ばうんてぃ☆はうんど・vol.2~鷹の目の向こうに《改訂版》

エージェント達はデュケインを守りながら、頭を低くさせ駆け足でビルの中へ飛び込む。
そのままドアが閉まり、姿が見えなくなった。
「成功?」
あかりが背中から聞いてくる。
「ああ完璧だ。ここまでは」
うまくいった。俺は『宙に浮かんだ亀裂』を見つめながら、内心で安堵のため息をついた。
昨日、ニュージャージーでセキュリティの会社をやってる知り合いに電話して、『あるもの』を大至急で運んできてもらった。
防弾プラスチック。それも、フルメタルジャケットの7.62mm弾もストップする、軍用にも使われているやつだ。
透明度が高く、距離が遠ければ、例えスコープを使ってもそこには『何もない』ように見える。王の『狙撃を』止められないなら、こいつを使って『弾丸を』止めちまおうと俺は考えたわけだ。
高さ20フィート、幅16フィートの防弾プラスチックの下の方を、車のドア一枚分くらいの大きさを切り抜き、車寄せのすぐ前に立てておく。車が到着したら、その切り抜いた穴の部分を通るようにドアを開け、中の人物はその穴をくぐり抜け、防弾プラスチックの板の向こう側へ。こうすれば、スナイパーにはターゲットがはっきり見えているが、当のターゲットは車を降りたと同時に防弾プラスチックの向こう側に立っているのだから、狙撃したところで弾は『届かない』。
実際、一晩でここまでやるには苦労した。プラを手に入れたは良いが、問題は設置だった。マックスに頼んでCIAと、俺の昔のコネでペンタゴンから直接ホワイトハウスにかけあってもらって、ようやく設置にこぎつけた。

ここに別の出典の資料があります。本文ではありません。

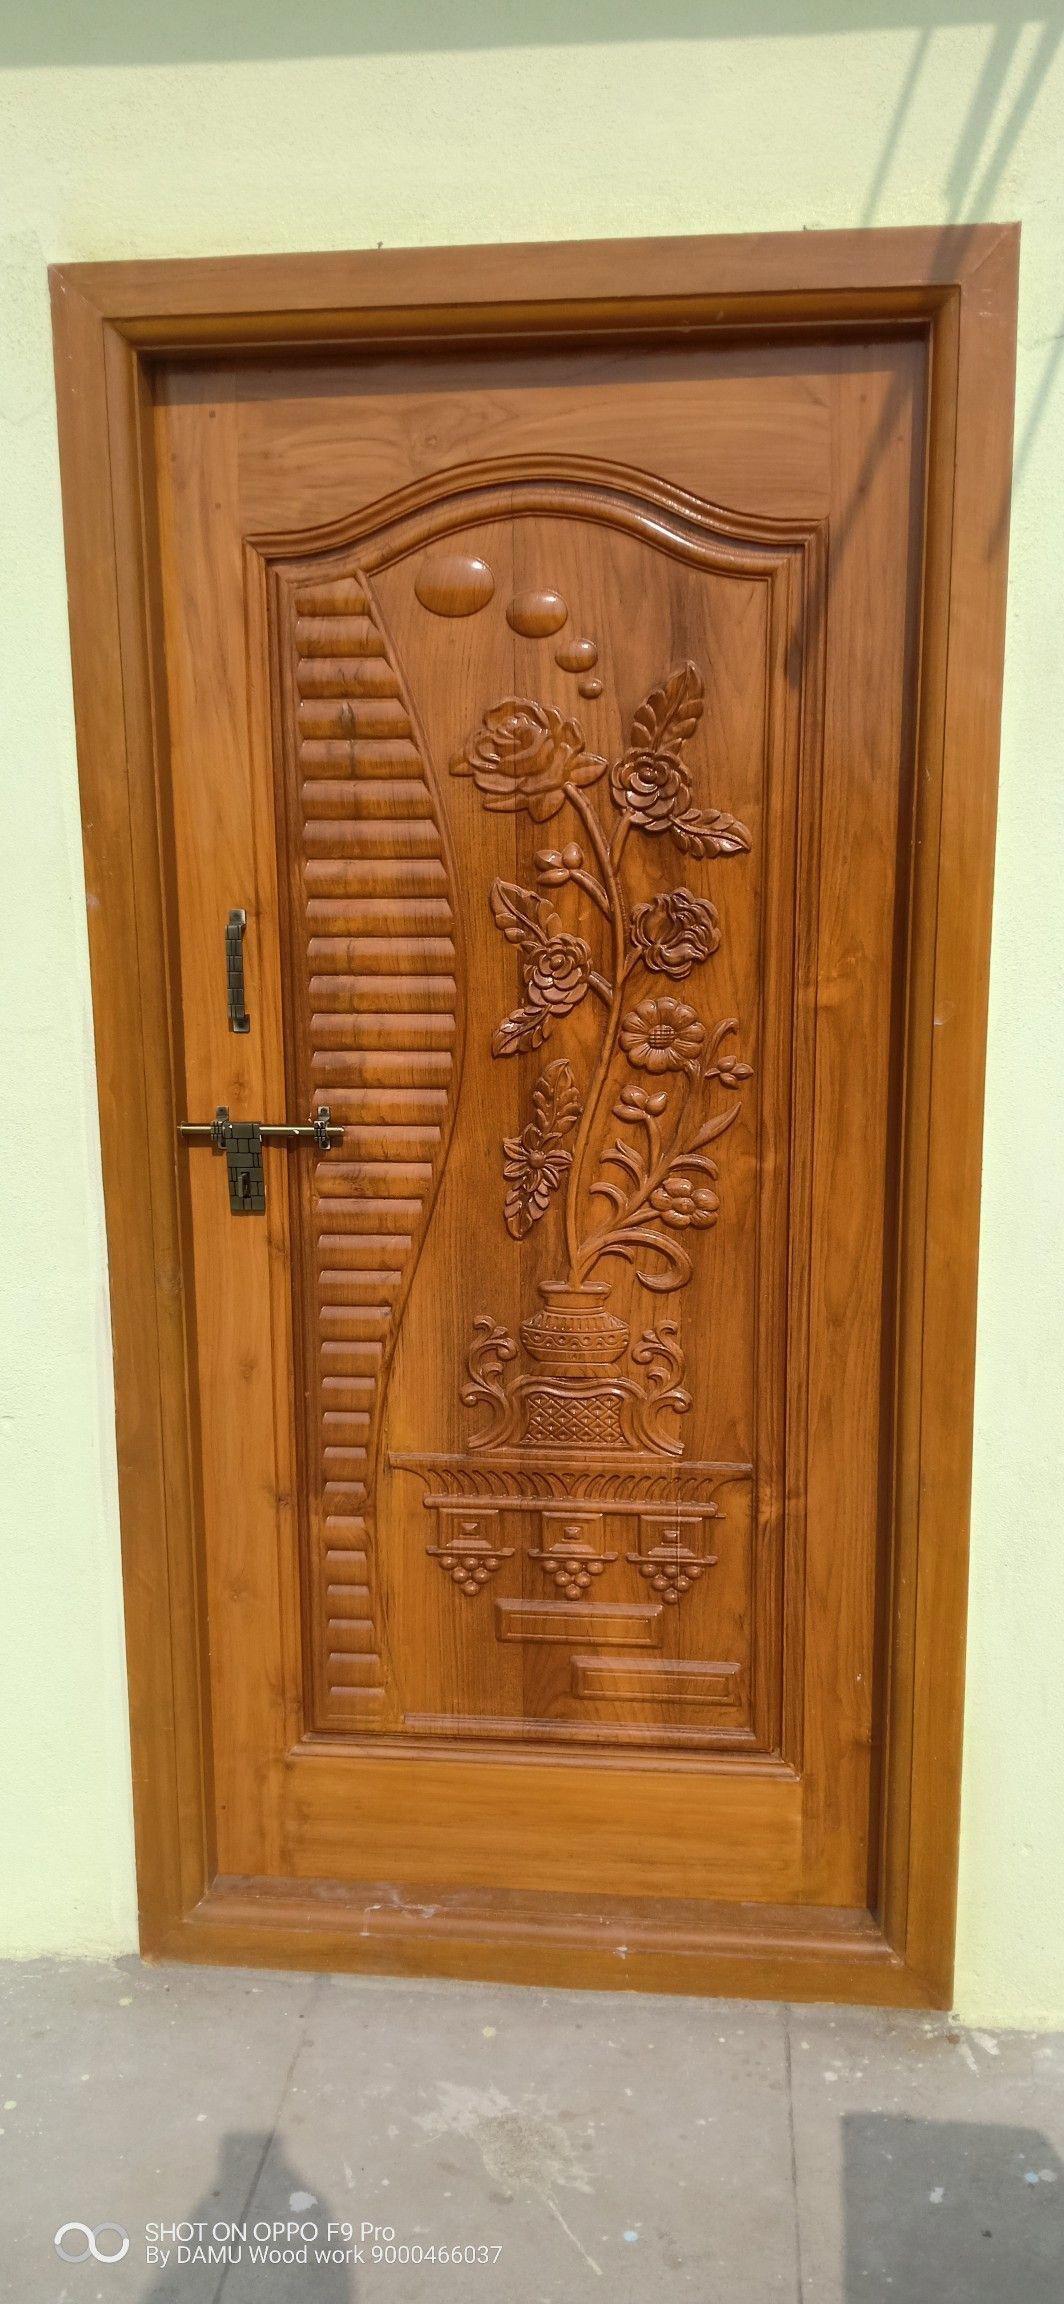 Inside French Doors Door Replacement Six Panel Prehung Interior Doors 20190811 Front Door Design Wood Single Door Design Wooden Main Door Design
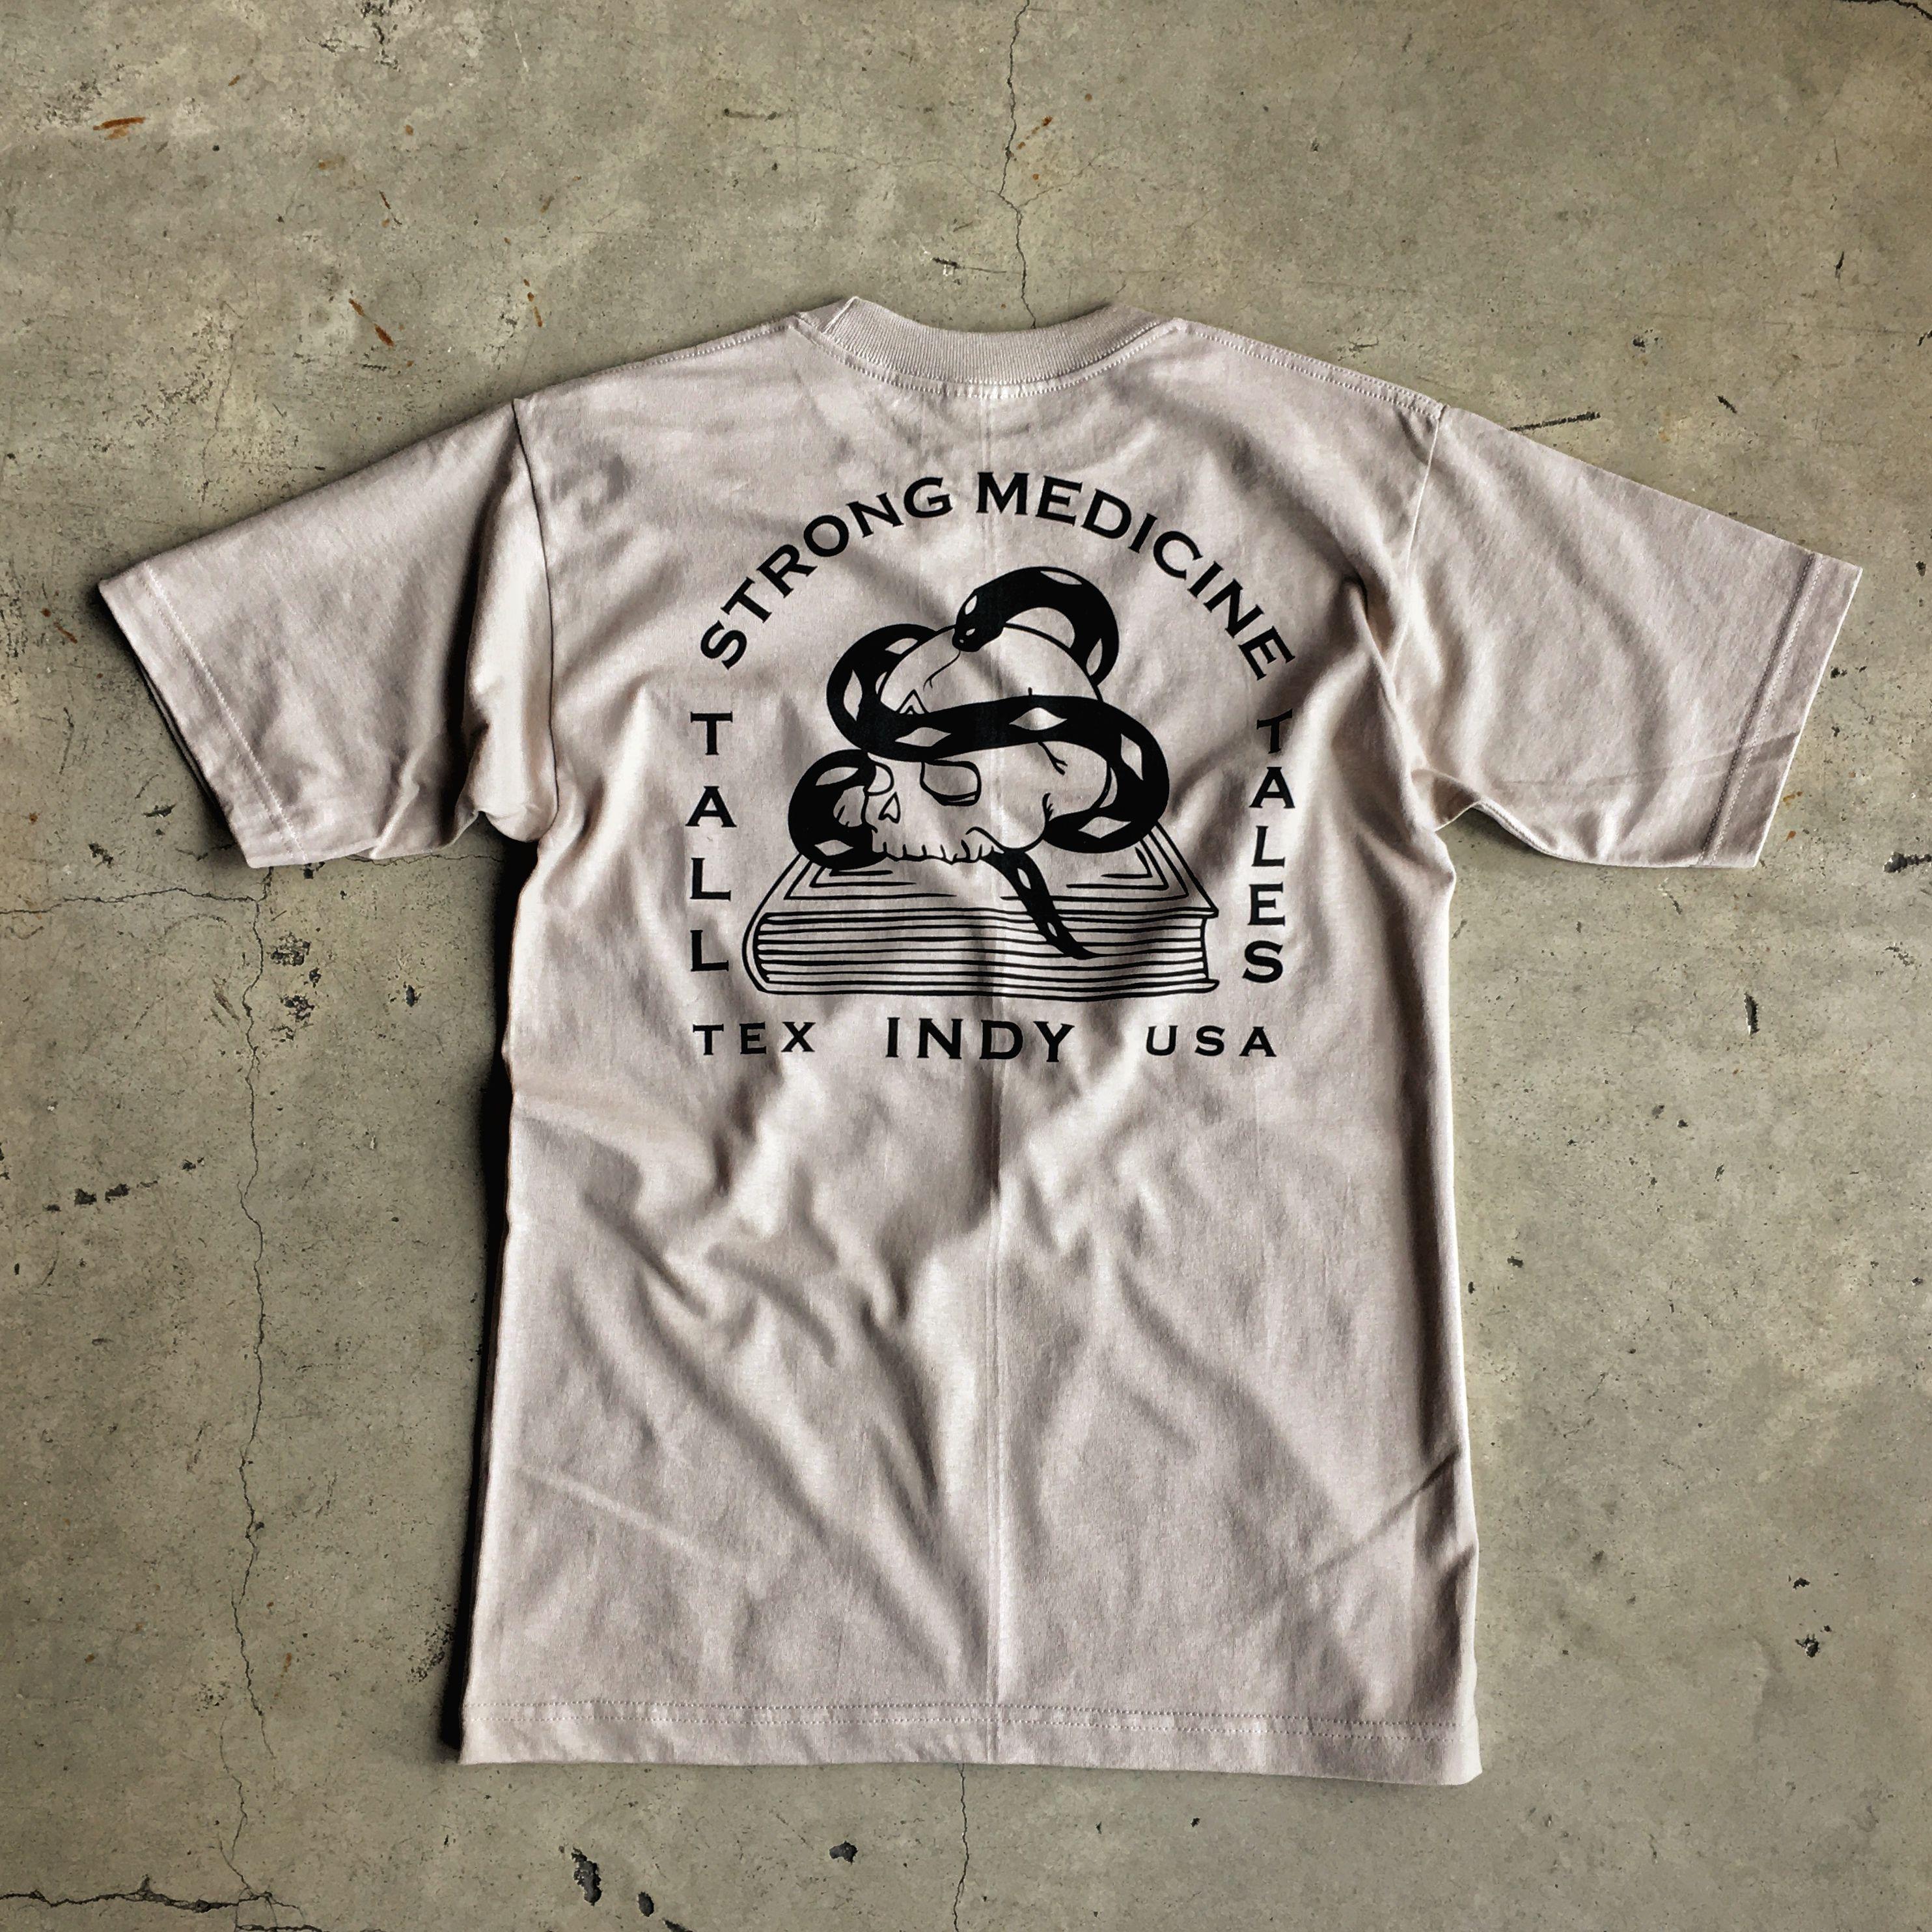 Strong Medicine T-Shirt

だが実験している暇はなかったので、ぶっつけでやるしかなかった。名付けて『Project AT-Field』。正直、うまくいくかどうはフィフティ・フィフティだった。
だがこれで――
「ディルク!」
直後一発の銃声。とほぼ同時に、一機のヘリがテールローターから煙を出しながら、真下に落ちていくのが見えた。さっきからずっと飛び回ってた、ヘリ群の一番外にいたやつだ。
おいおい、てことは――
『捉えた』
ディルクからの返答。
「おい、まさか『あれ』か?」
『そうだ。ヘリから狙撃してきた』
冗談だろ。目算だが、どう見てもこっから3500フィートは先だぞ? こんな距離を、揺れるヘリの中から撃ったってのかよ?